All Things Microsoft > Microsoft as a Company
DirectX 10: We care about gamers
worker201:
Actually, according to my information, you're both wrong.
http://www.mplayerhq.hu/DOCS/HTML/en/menc-feat-vcd-dvd.html
this says that NTSC is 704x480 @~30fps. Widescreen format is 720x480. Or, for lower resolution, cut each number in half: 352x240 or 360x240.
Lead Head:
ok, standard def TVs are 352x240. Thats why when you connect your computer upto a standared def TV it always looks crap even if you set it at 640x480.
Refalm:
--- Quote from: Lead Head ---ok, standard def TVs are 352x240. Thats why when you connect your computer upto a standared def TV it always looks crap even if you set it at 640x480.
--- End quote ---
Whenever I connect my PC to my tv, the maximum resolution is 1024x768 at 60 Hz. Maybe it's because I have PAL instead of NTSC?
Aloone_Jonez:
Yes, NTSC is shit, I think its limit is 640x480 and PAL is 800x600, I wonder how you got 1024x768?
Your PC always looks shit on a TV because the picture is much bigger and the tube is of a lower quality than most monitors.
skyman8081:
I study video engineering let me clear some stuff up.
NTSC is 720 x 480 interlaced frames at 60Hz, This framterate was picked because the AC power in the US cycles at 60Hz. The pixels on an NTSC TV are not square like the ones on your computer monitor. They are slightly skinny, widescreen TV is the same, but the pixels are simply wider than they are tall
PAL, on the other hand is 525 lines, but at 50Hz, a ower framerate, again, because the UK and Europe AC power cycles at 50 Hz. PAL uses a very interesting solution for widescreen broadcast.
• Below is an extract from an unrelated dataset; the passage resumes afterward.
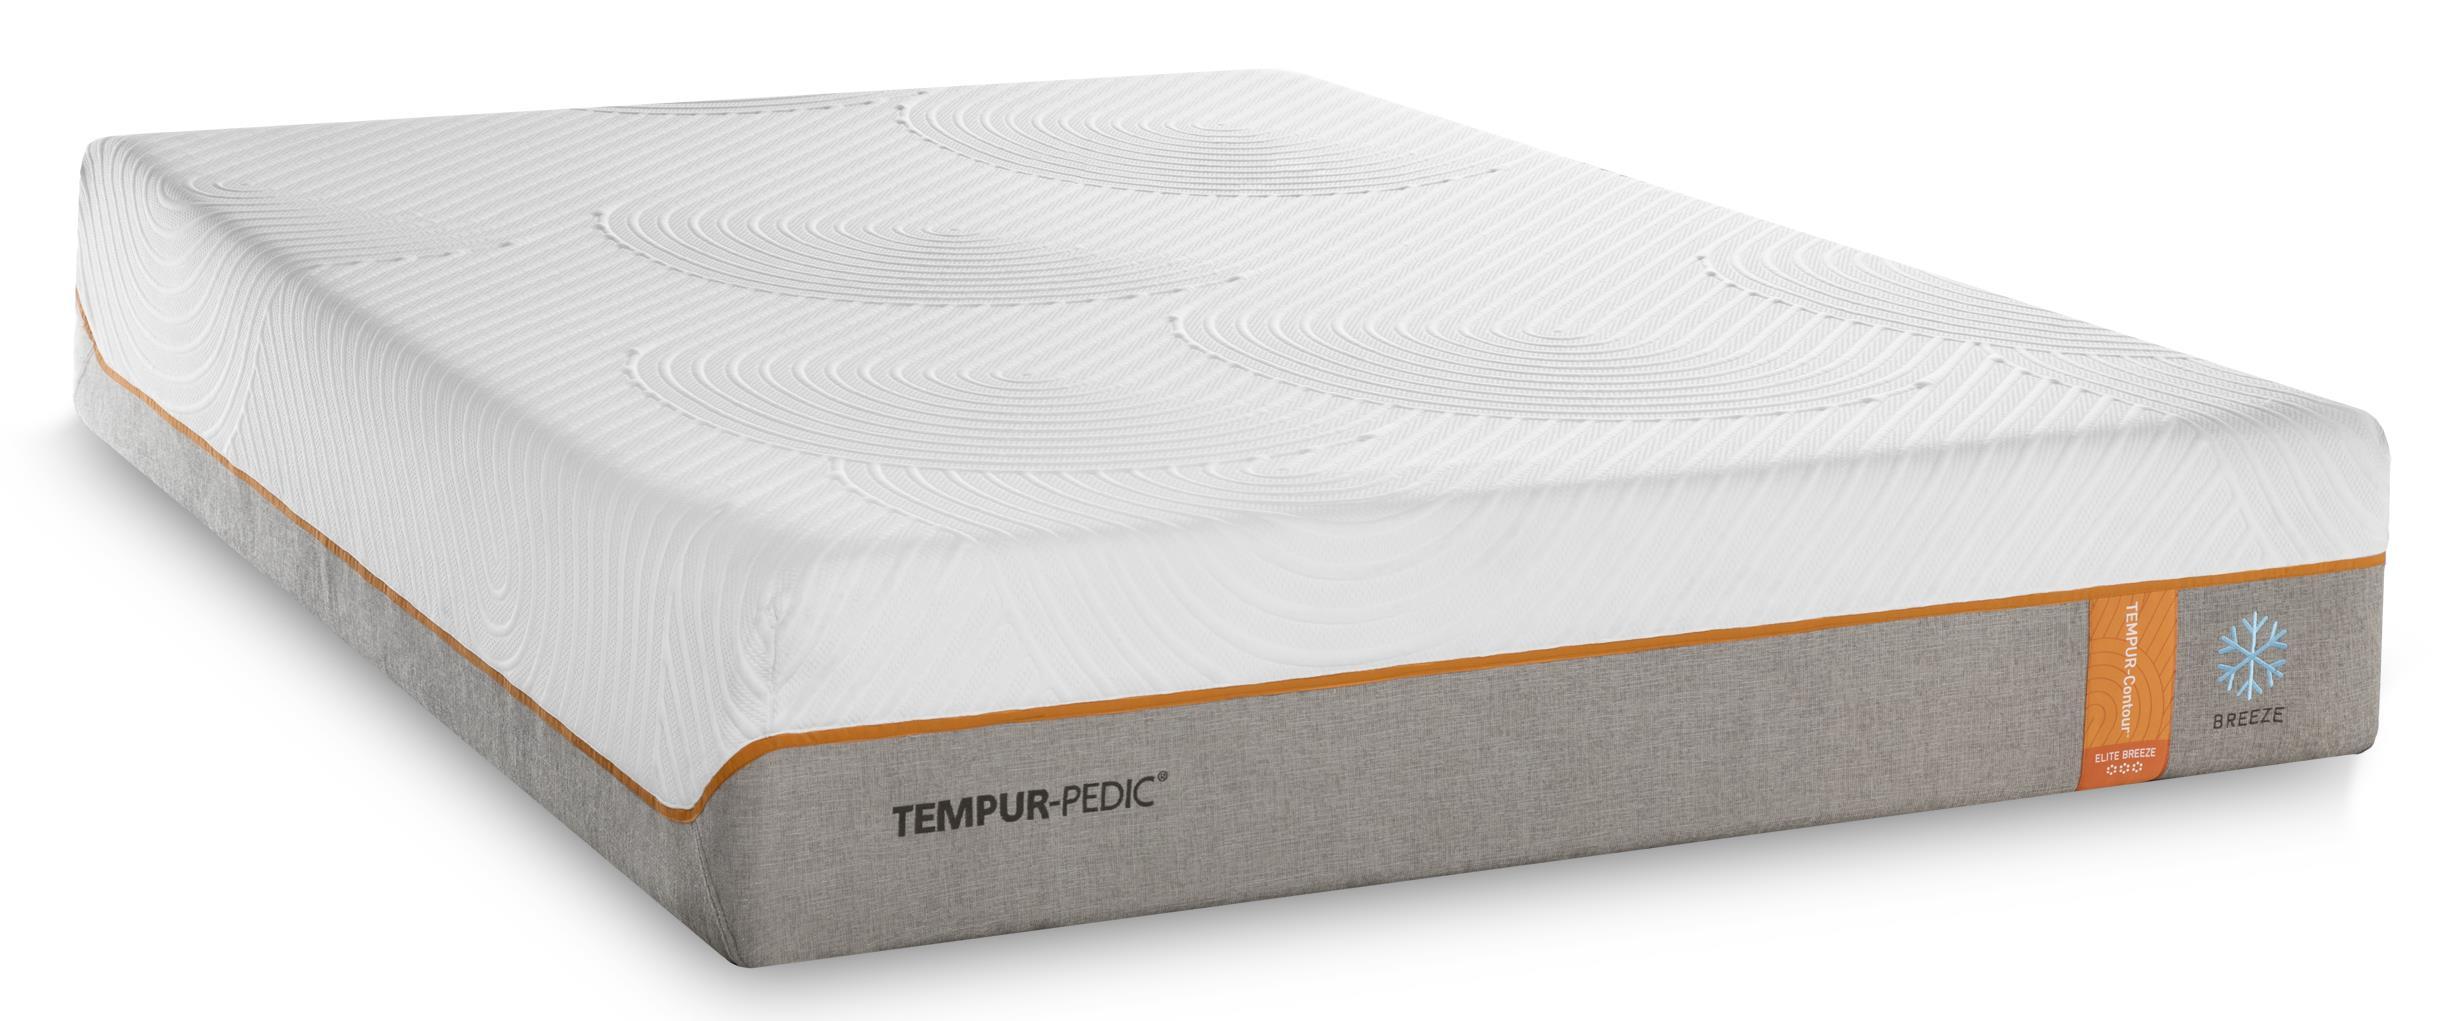 Tempur Pedic TEMPUR Contour Elite Breeze King Medium Firm
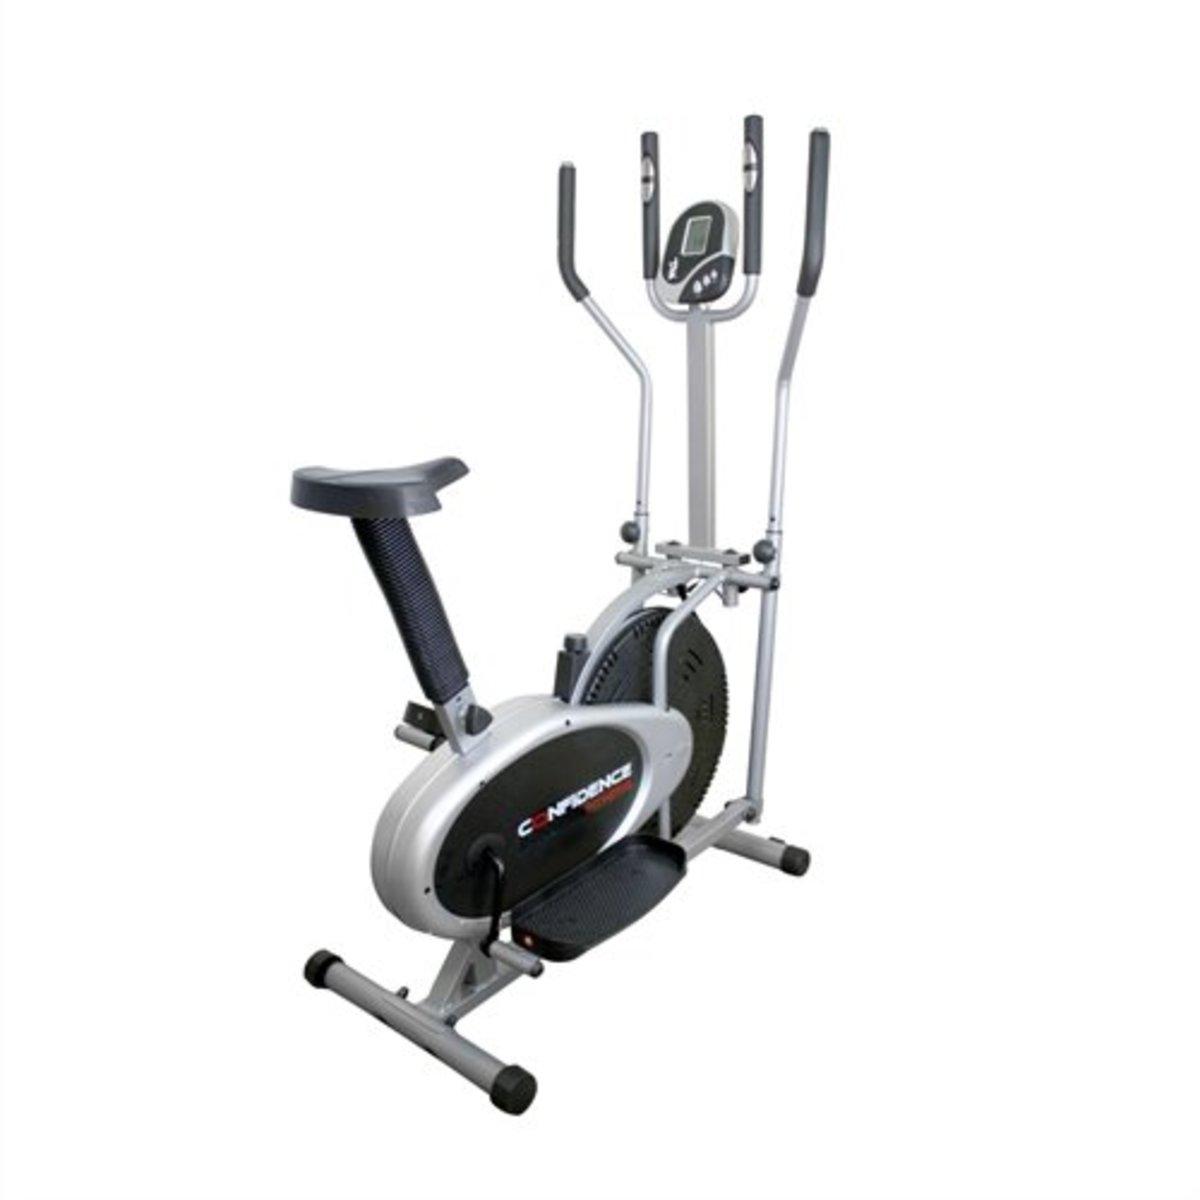 Elliptical Bike For Home Use: 7 Best Compact Portable Elliptical Trainers For Home Use

They use a system called PAL Plus, in which widescreen content is broadcasted letterboxed, BUT with extra data in the space that the letterboxes use, thus when a PAL Plus receiver is used, the box will take that data to fill in the information that would otherwise be lost in the cropping procedure. This system is not as widely used anymore as it once was, however.
I'm not going to go into SECAM, because nobody uses it anymore.